[Saved data entries]
━━━━━━━━━━━━━━━━

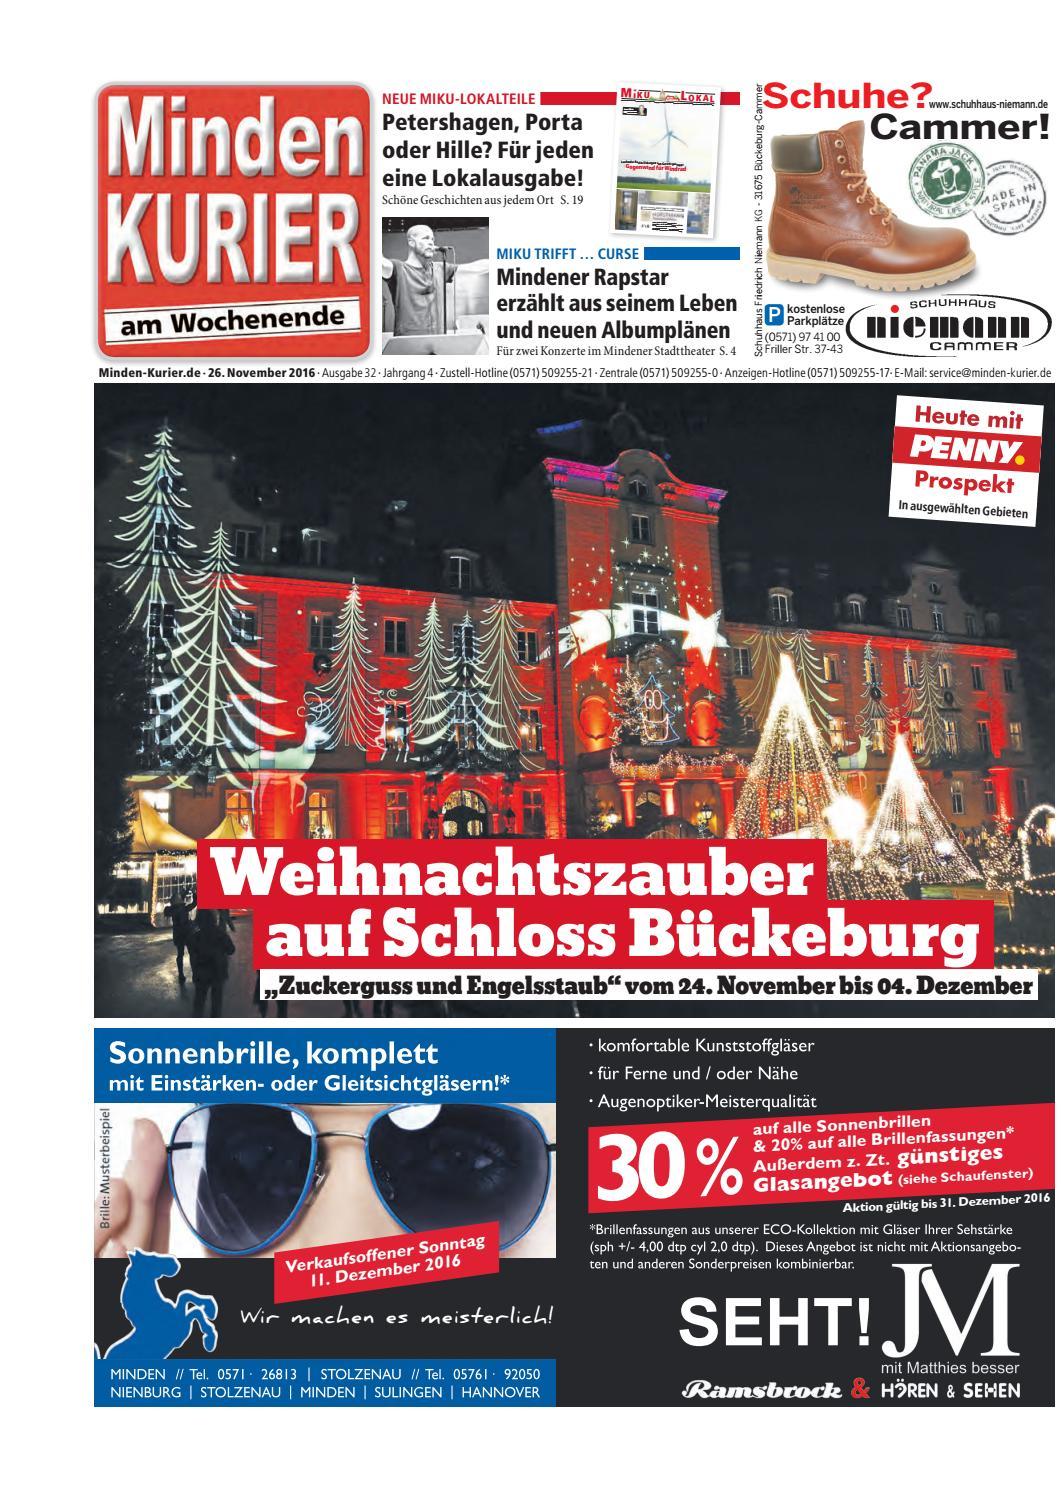 26. November 2016 – Weihnachtszauber auf Schloss Bückeburg by Minden ...
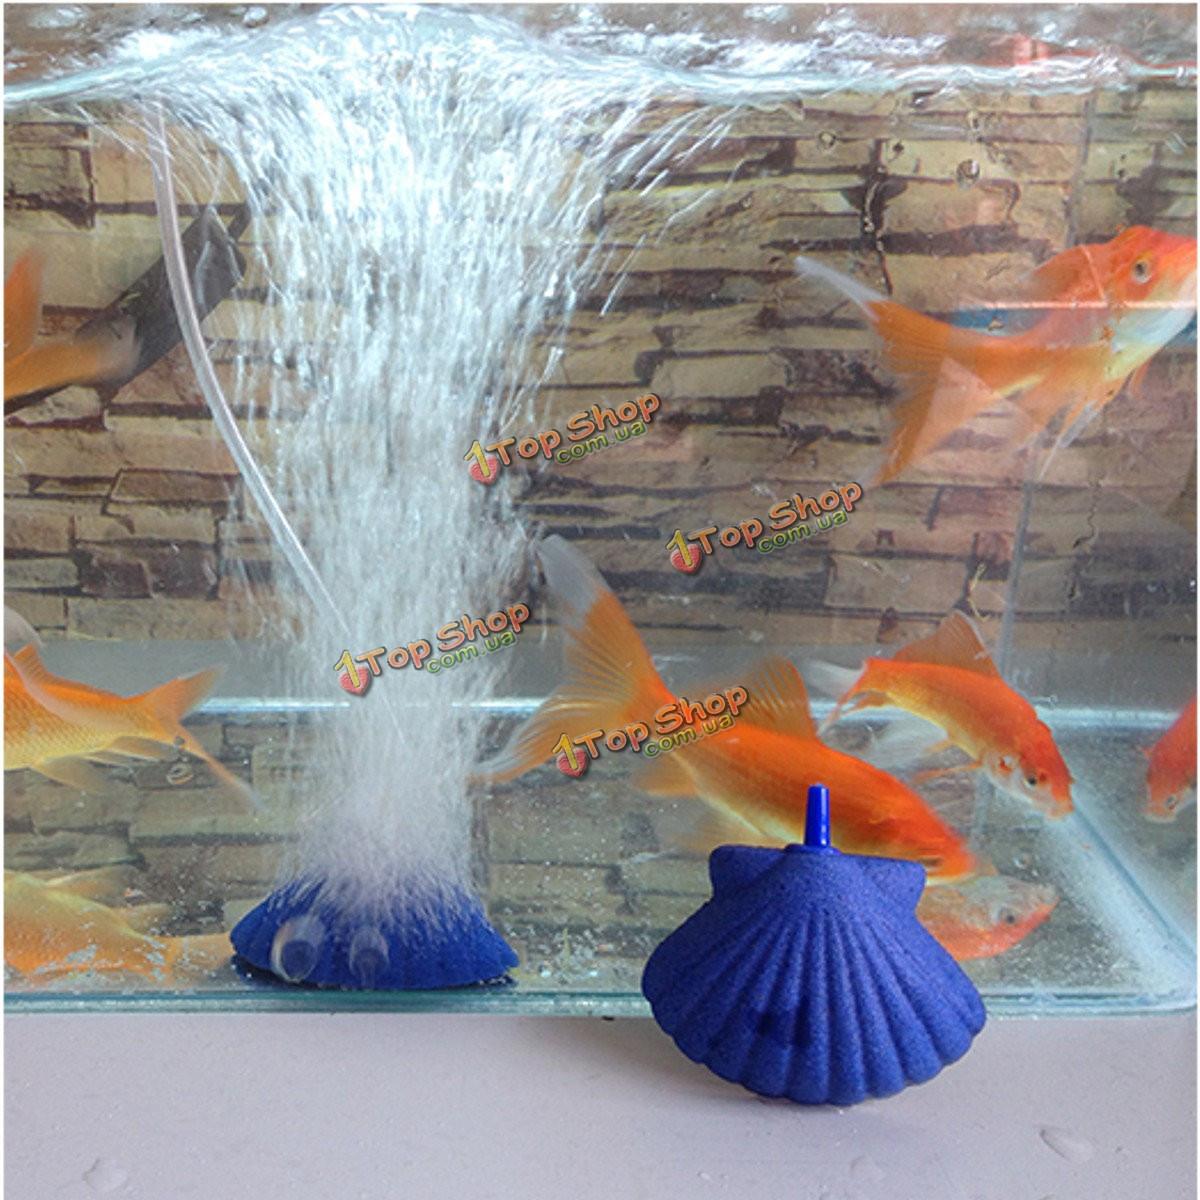 Оболочки форма воздух камень пузырь аквариумных рыб бак гидропоника аэратор диффузор пузыря аквариума насос - ➊TopShop ➠ Товары из Китая с бесплатной доставкой в Украину! в Киеве
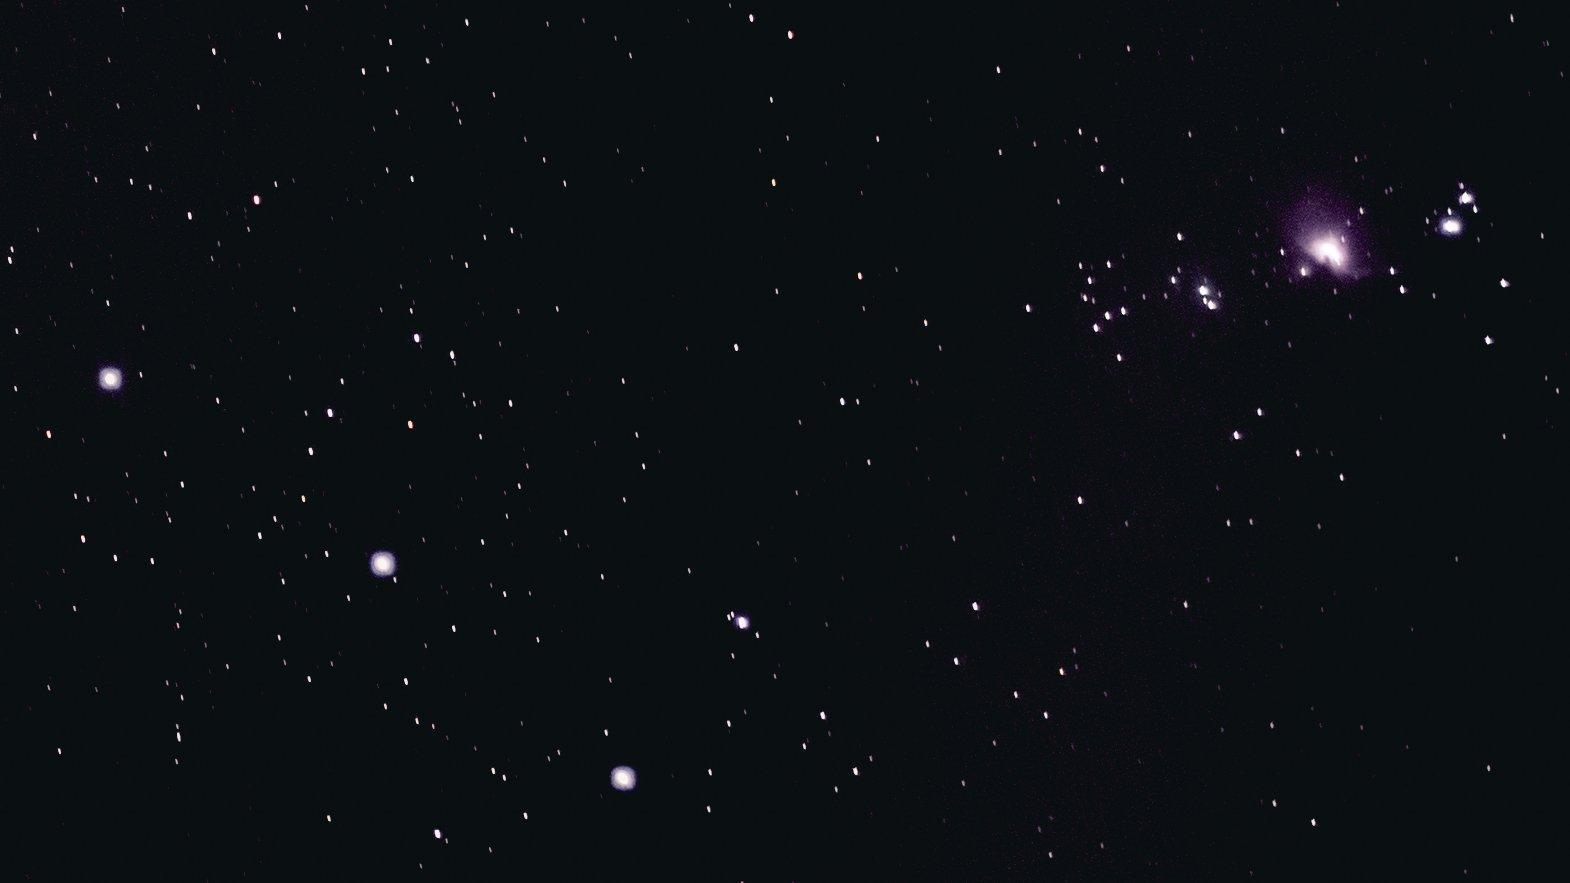 Constelación de Orion y M42
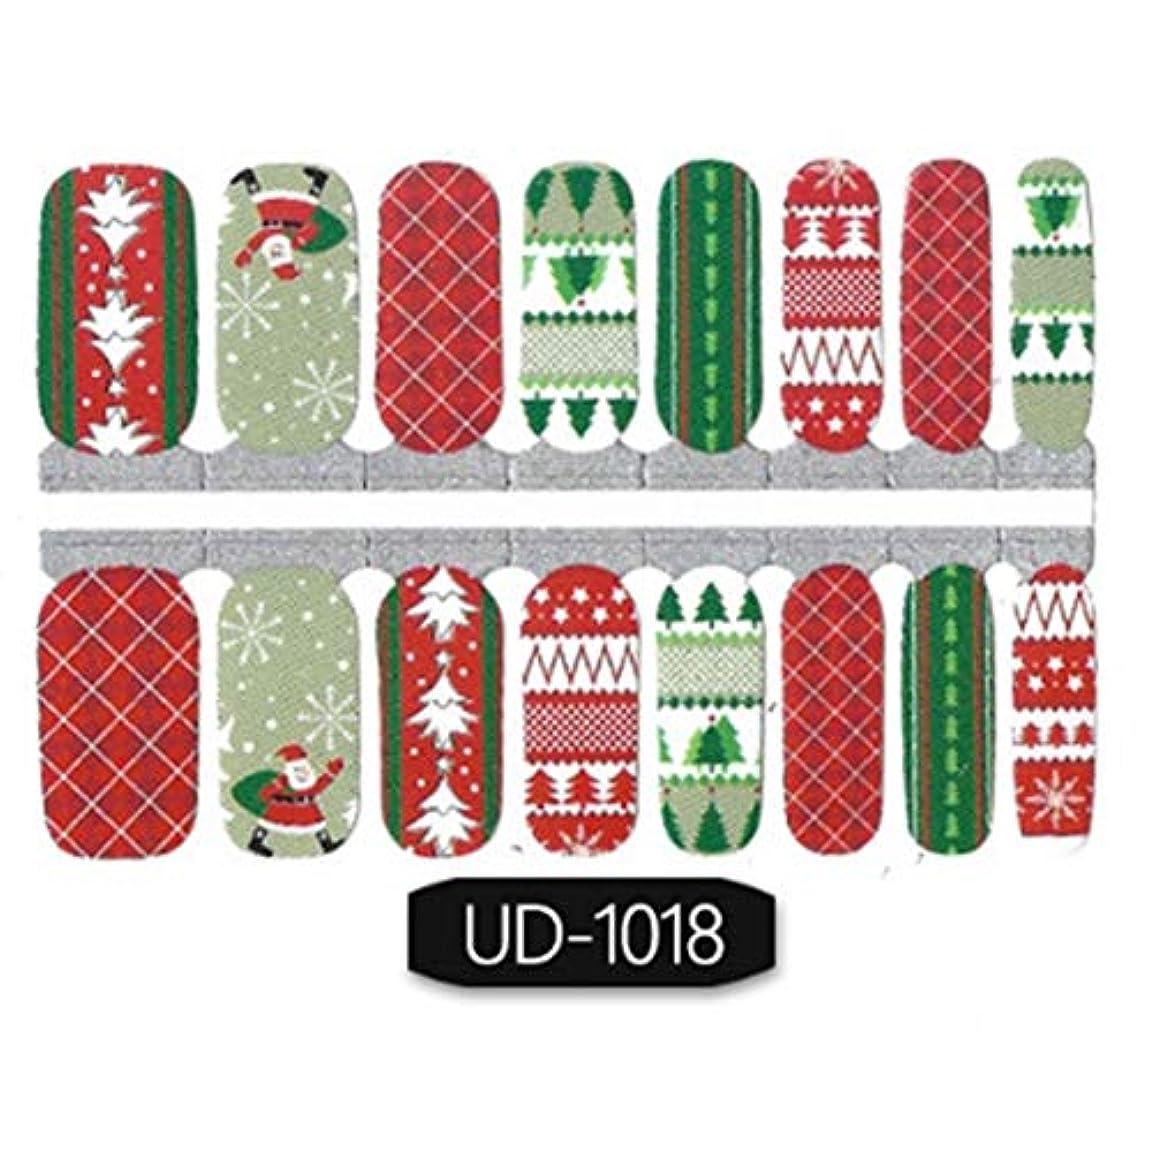 マエストロペンス近傍ACHICOO ネイルシール ステッカー セット 16パターン クリスマス 粘着紙 デコレーション 超可愛い オシャレ UD-1018 通常の仕様
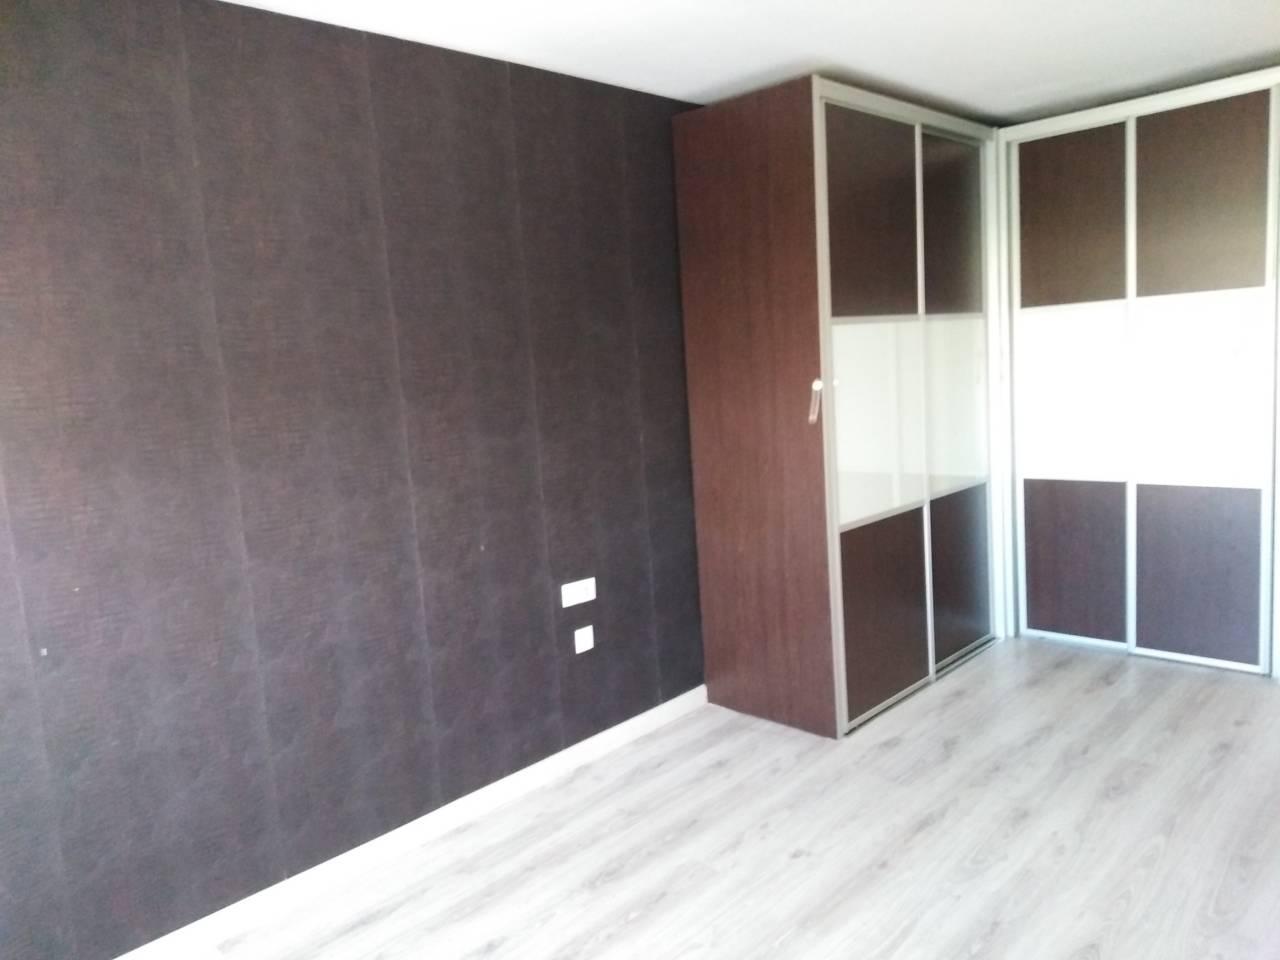 Lloguer Casa  Can periquet. Superf. 180 m²,  4 habitaciones (3 dobles,  1 individual),  2 ba
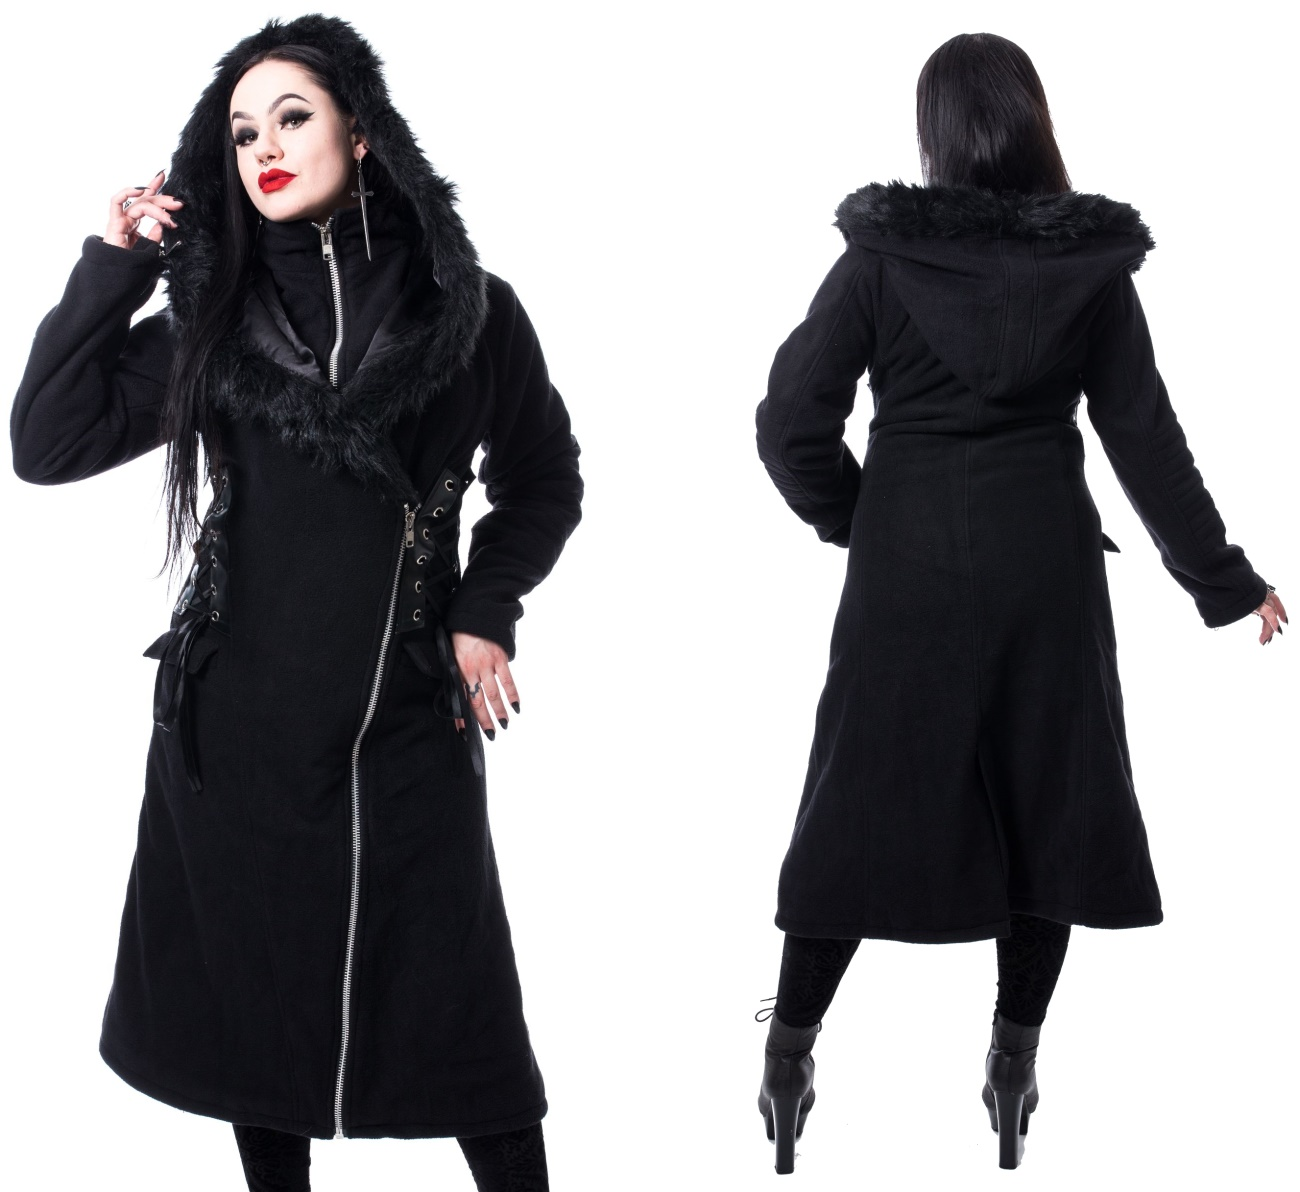 Gothicmantel Willow Coat Vixxsin

━━━━━━━━━━━━━━━━

** Instructions for the task **
Beginning with the first line of the records and ending with the line that contains "マエストロペンス近傍ACHICOO ネイルシール ステッカー", reproduce every line exactly, omitting pictures and adding nothing.

** Output of the task **
 26. November 2016 – Weihnachtszauber auf Schloss Bückeburg by Minden ...
 Оболочки форма воздух камень пузырь аквариумных рыб бак гидропоника аэратор диффузор пузыря аквариума насос - ➊TopShop ➠ Товары из Китая с бесплатной доставкой в Украину! в Киеве
 Constelación de Orion y M42
 マエストロペンス近傍ACHICOO ネイルシール ステッカー セット 16パターン クリスマス 粘着紙 デコレーション 超可愛い オシャレ UD-1018 通常の仕様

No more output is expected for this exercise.